Gloucestershire police's football intelligence liaison officer is charged with making sure games at the Abbey Business Stadium are trouble free.

Cawley, 21, from Hester's Way, was jailed for four months after running onto the pitch at a Leeds United game and assaulting Sheffield Wednesday goalkeeper Chris Kirkland.

The 21-year-old has a history of football-related disorder.

When he was 16, he was banned from every ground in the country, but has breached the order at least twice.

PC Smith, a Cheltenham fan himself, said: "Aaron had tried to get here in the past, but we knew he was banned and he never got in.

"But it is harder for police at larger games.

"When you are looking for one particular person in 5,000, it can be difficult."

PC Smith has seen banning orders work positively in Cheltenham.

He said: "I think football fans have moved away from the bad old days and although it has not gone away, the banning orders do work. A few years ago we had small problems with a handful of people and we had more frequent issues.

"But proactive policing and with the support of the courts, we have managed to stamp it out.

"The ring leaders were subject to banning orders and that stopped it happening."

PC Mark Smith and his team work with the visiting team's police force.

In Saturday's case against Exeter City, he worked with officers from Devon and Cornwall police, both before, during and after the game, but also in advance to find out as much about the fans before the game.

He said: "They provide us with information about what is going to happen.

"How many supporters to expect, how they are believed to be travelling up, what time they will get there and anyone we need to be worried about.

"We have what we call 'risk supporters' who we believe could risk the safety of the sport ground by causing public disorder and sometimes fights.

"These people are identified and we find out as much information as possible."

In Saturday's game a group of around 50 to 60 'risk supporters' were known to be arriving from Exeter by train and police made sure they were there to meet them and show a presence.

They also have powers to make coach-loads of fans drinking turn back and leave the county.

He said: "The vast majority of people who come to football matches make no attempt to cause trouble.
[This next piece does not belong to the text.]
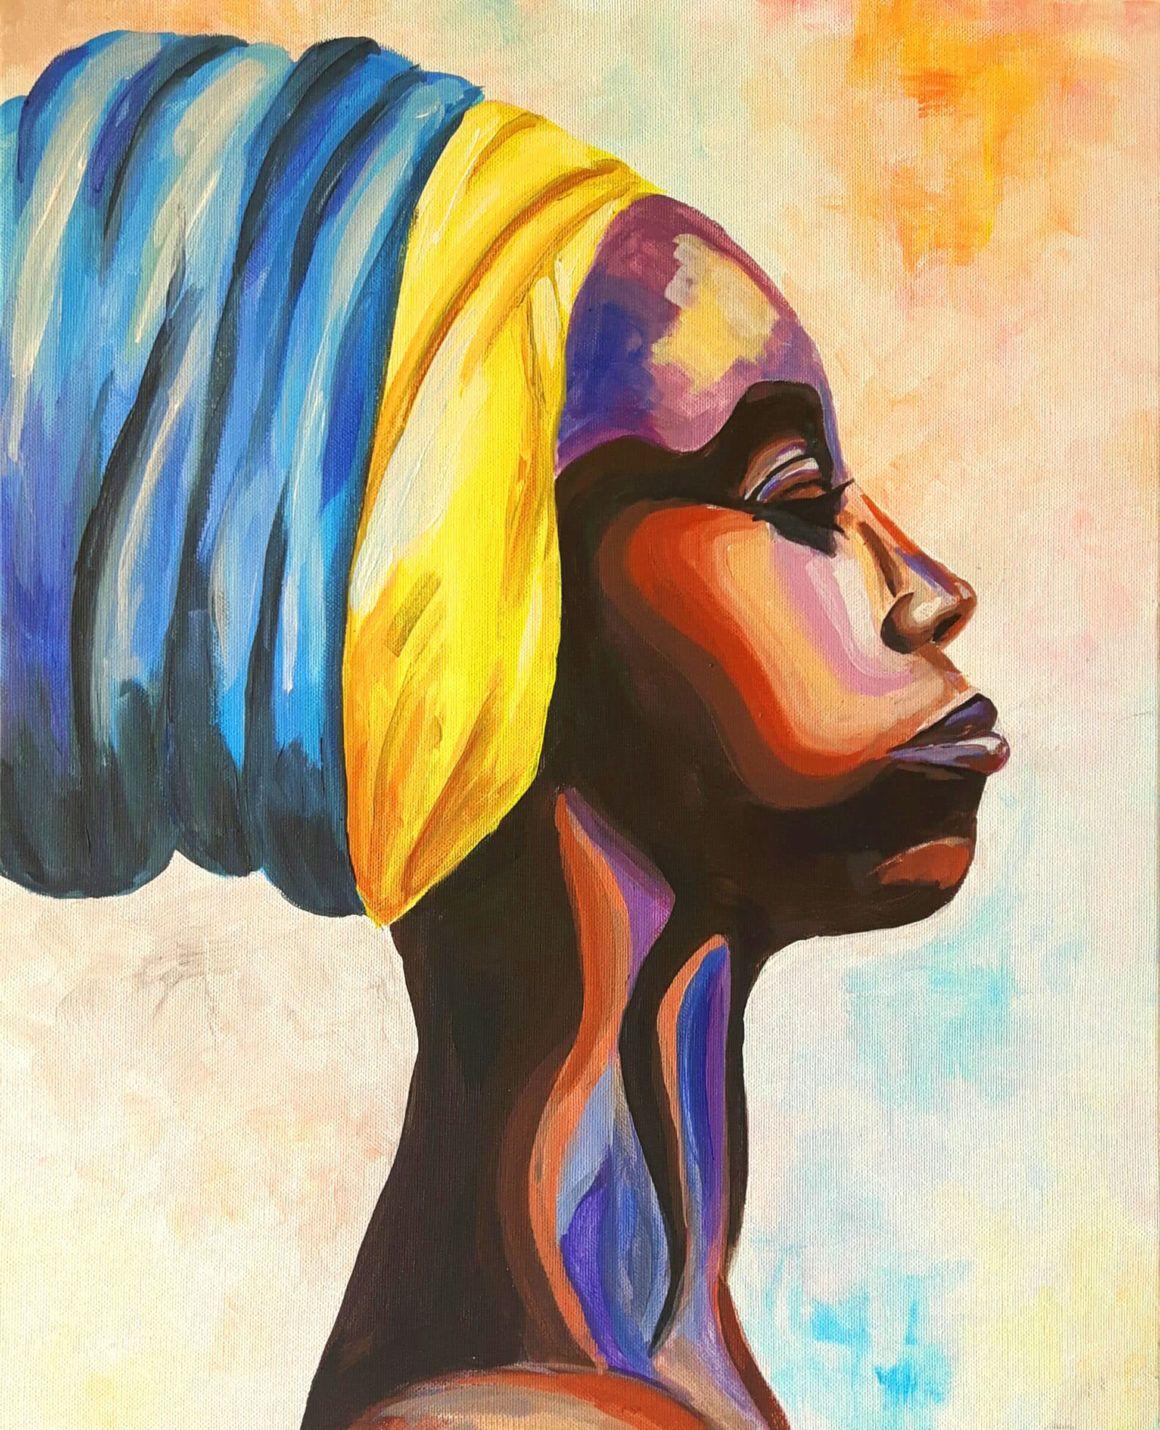 Artmasters African Beauty Acryl Afrikanerin Portrat Leinwand Kreative Events Acryl Leinwand Leinwand Malen Malerei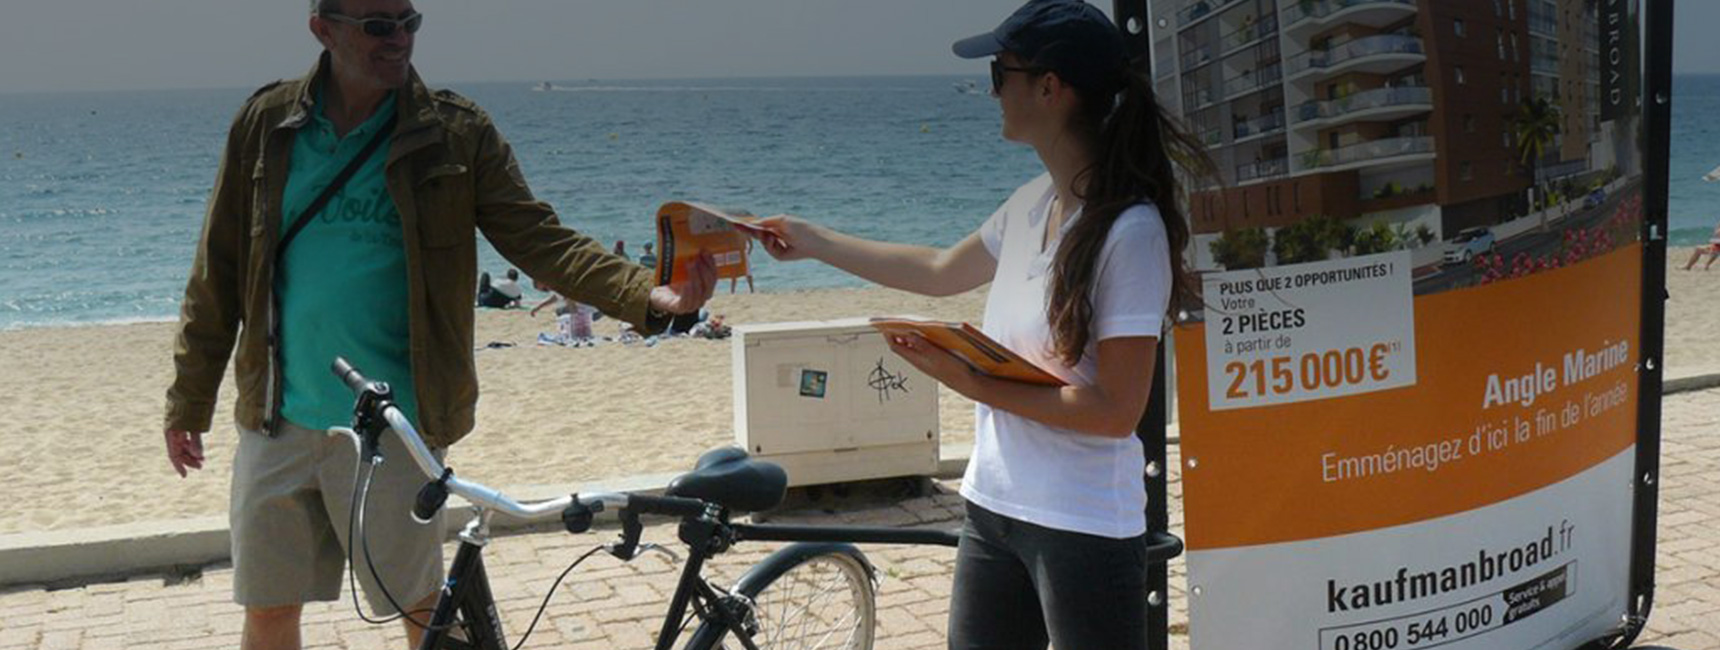 Kaufman ans Broad bike com street marketing Keemia Toulouse agence marketing local en region occitanie

They are normal and sensible people.

"But the others need to be aware that we will deal with them.

"We generally have more problems with away fans than the home ones and I think that is because they have a day out mentality. Our job is difficult to quantify in the sense that if a game goes without any trouble then we have done our job properly."

PC Smith has been in charge of football game safety for 10 years.

It developed from him working on the Whaddon beat.

The majority of the work on match days is dealing with those who have had a few too many drinks before the game.

It is the stewards, and not the police, who decide who to let in the ground, but the police are there for support.

If the stewards decide there is no entry for a fan, but the individual won't leave, then the police will step in.

They will give a fan a warning before an arrest is made, as was the case with two men at Saturday's match.

The offending supporters will then be bailed, with the condition to not enter a ground, until the police can apply for a football banning order in the courts.

The Cheltenham Town fan said: "We are always supported through the courts and incidents here are sporadic.

"The best bit about the job is that no two games are the same and the worst part is having to work every Saturday.

"Fortunately my wife is in the police as well so understands."